TASK INSTRUCTIONS:
In the listing beneath this line, copy exactly the lines starting with the one containing "Red Kitchen design" and going on through the one containing "Afrikanische Frau auf dem Weg zum Dorf".

PROVIDED MATERIAL:
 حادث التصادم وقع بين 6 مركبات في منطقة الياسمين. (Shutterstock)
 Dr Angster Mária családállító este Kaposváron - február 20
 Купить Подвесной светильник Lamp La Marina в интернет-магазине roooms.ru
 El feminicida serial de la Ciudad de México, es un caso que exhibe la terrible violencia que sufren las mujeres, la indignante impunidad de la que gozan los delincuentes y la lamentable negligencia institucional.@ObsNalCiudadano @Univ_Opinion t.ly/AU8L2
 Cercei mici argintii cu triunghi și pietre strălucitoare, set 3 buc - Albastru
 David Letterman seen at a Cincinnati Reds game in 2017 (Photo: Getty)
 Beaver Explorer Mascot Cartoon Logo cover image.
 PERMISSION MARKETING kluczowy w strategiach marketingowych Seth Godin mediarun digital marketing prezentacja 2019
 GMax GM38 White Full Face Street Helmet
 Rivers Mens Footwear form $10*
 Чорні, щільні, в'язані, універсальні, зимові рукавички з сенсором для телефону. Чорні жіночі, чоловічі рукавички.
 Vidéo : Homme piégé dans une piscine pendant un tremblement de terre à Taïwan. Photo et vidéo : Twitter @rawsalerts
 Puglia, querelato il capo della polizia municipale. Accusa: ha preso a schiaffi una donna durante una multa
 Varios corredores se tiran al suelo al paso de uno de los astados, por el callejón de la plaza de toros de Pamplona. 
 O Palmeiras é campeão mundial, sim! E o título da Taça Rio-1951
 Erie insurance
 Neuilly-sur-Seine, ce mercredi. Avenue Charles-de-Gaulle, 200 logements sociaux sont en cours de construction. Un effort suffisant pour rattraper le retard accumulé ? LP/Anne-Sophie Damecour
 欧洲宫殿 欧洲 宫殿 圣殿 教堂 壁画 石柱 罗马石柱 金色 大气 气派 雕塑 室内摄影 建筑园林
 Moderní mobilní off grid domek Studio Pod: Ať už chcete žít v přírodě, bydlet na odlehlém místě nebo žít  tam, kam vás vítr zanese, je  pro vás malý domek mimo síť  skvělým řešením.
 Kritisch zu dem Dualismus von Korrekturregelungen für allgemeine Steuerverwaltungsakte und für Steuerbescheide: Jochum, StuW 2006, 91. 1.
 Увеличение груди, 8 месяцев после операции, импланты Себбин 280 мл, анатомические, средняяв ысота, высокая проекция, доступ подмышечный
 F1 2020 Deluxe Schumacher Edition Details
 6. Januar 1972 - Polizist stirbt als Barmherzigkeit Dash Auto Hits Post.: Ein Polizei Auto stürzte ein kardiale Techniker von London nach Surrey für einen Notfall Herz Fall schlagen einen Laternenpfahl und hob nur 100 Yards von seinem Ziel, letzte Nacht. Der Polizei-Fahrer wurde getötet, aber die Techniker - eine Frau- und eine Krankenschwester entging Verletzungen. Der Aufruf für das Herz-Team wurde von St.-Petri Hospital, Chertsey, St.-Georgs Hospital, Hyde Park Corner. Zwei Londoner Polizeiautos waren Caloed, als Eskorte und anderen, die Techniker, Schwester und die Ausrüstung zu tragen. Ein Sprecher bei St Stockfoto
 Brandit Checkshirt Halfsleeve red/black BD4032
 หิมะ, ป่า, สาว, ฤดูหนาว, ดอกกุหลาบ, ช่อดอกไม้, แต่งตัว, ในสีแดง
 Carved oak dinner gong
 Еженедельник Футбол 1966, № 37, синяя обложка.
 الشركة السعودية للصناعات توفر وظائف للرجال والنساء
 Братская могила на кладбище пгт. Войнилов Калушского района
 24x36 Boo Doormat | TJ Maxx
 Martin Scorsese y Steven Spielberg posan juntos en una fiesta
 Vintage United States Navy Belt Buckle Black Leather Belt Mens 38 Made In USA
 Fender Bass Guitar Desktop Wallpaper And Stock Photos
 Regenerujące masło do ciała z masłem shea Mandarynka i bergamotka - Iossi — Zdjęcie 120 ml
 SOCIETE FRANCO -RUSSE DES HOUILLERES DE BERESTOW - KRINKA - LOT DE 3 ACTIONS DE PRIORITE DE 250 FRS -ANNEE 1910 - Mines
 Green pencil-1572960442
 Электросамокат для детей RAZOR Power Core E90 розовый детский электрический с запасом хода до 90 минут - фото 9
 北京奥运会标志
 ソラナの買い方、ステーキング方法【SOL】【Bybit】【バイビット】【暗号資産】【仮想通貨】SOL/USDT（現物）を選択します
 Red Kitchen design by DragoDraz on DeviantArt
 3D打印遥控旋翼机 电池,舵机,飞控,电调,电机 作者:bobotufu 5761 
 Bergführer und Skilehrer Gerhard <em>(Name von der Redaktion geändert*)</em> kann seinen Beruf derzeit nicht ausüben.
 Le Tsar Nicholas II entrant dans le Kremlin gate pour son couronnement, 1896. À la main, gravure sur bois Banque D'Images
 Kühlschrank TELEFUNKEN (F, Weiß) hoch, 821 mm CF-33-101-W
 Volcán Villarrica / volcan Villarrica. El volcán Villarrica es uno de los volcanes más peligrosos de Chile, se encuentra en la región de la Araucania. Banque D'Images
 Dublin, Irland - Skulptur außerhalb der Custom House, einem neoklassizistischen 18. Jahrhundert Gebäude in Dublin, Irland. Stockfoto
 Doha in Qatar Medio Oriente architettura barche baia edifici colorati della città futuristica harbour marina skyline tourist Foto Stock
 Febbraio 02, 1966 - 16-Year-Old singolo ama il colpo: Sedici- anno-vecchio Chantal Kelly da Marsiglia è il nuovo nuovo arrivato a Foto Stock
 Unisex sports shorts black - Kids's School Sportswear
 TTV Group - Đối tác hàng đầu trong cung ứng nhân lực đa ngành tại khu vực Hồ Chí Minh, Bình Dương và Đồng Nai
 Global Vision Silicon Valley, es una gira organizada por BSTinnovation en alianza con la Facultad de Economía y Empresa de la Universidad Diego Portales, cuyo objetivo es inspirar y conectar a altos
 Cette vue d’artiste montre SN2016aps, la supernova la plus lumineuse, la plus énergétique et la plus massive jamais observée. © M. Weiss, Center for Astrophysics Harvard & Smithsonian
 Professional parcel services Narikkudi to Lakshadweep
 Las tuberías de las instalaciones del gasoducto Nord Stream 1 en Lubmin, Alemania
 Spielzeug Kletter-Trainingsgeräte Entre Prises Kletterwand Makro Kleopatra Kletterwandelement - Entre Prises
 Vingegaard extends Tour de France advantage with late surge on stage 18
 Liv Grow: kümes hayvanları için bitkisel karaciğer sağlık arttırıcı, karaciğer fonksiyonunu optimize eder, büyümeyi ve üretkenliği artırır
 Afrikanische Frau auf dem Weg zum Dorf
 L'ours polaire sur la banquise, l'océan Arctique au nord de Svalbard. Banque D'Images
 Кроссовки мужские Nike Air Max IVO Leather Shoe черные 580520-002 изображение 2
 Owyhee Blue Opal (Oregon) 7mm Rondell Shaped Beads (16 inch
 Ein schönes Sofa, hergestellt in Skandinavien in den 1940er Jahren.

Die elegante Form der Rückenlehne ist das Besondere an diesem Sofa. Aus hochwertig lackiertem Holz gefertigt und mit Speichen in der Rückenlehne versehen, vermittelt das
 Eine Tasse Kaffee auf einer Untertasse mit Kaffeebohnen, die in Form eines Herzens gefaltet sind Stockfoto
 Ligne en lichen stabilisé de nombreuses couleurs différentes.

ANSWER SECTION:
 Red Kitchen design by DragoDraz on DeviantArt
 3D打印遥控旋翼机 电池,舵机,飞控,电调,电机 作者:bobotufu 5761 
 Bergführer und Skilehrer Gerhard <em>(Name von der Redaktion geändert*)</em> kann seinen Beruf derzeit nicht ausüben.
 Le Tsar Nicholas II entrant dans le Kremlin gate pour son couronnement, 1896. À la main, gravure sur bois Banque D'Images
 Kühlschrank TELEFUNKEN (F, Weiß) hoch, 821 mm CF-33-101-W
 Volcán Villarrica / volcan Villarrica. El volcán Villarrica es uno de los volcanes más peligrosos de Chile, se encuentra en la región de la Araucania. Banque D'Images
 Dublin, Irland - Skulptur außerhalb der Custom House, einem neoklassizistischen 18. Jahrhundert Gebäude in Dublin, Irland. Stockfoto
 Doha in Qatar Medio Oriente architettura barche baia edifici colorati della città futuristica harbour marina skyline tourist Foto Stock
 Febbraio 02, 1966 - 16-Year-Old singolo ama il colpo: Sedici- anno-vecchio Chantal Kelly da Marsiglia è il nuovo nuovo arrivato a Foto Stock
 Unisex sports shorts black - Kids's School Sportswear
 TTV Group - Đối tác hàng đầu trong cung ứng nhân lực đa ngành tại khu vực Hồ Chí Minh, Bình Dương và Đồng Nai
 Global Vision Silicon Valley, es una gira organizada por BSTinnovation en alianza con la Facultad de Economía y Empresa de la Universidad Diego Portales, cuyo objetivo es inspirar y conectar a altos
 Cette vue d’artiste montre SN2016aps, la supernova la plus lumineuse, la plus énergétique et la plus massive jamais observée. © M. Weiss, Center for Astrophysics Harvard & Smithsonian
 Professional parcel services Narikkudi to Lakshadweep
 Las tuberías de las instalaciones del gasoducto Nord Stream 1 en Lubmin, Alemania
 Spielzeug Kletter-Trainingsgeräte Entre Prises Kletterwand Makro Kleopatra Kletterwandelement - Entre Prises
 Vingegaard extends Tour de France advantage with late surge on stage 18
 Liv Grow: kümes hayvanları için bitkisel karaciğer sağlık arttırıcı, karaciğer fonksiyonunu optimize eder, büyümeyi ve üretkenliği artırır
 Afrikanische Frau auf dem Weg zum Dorf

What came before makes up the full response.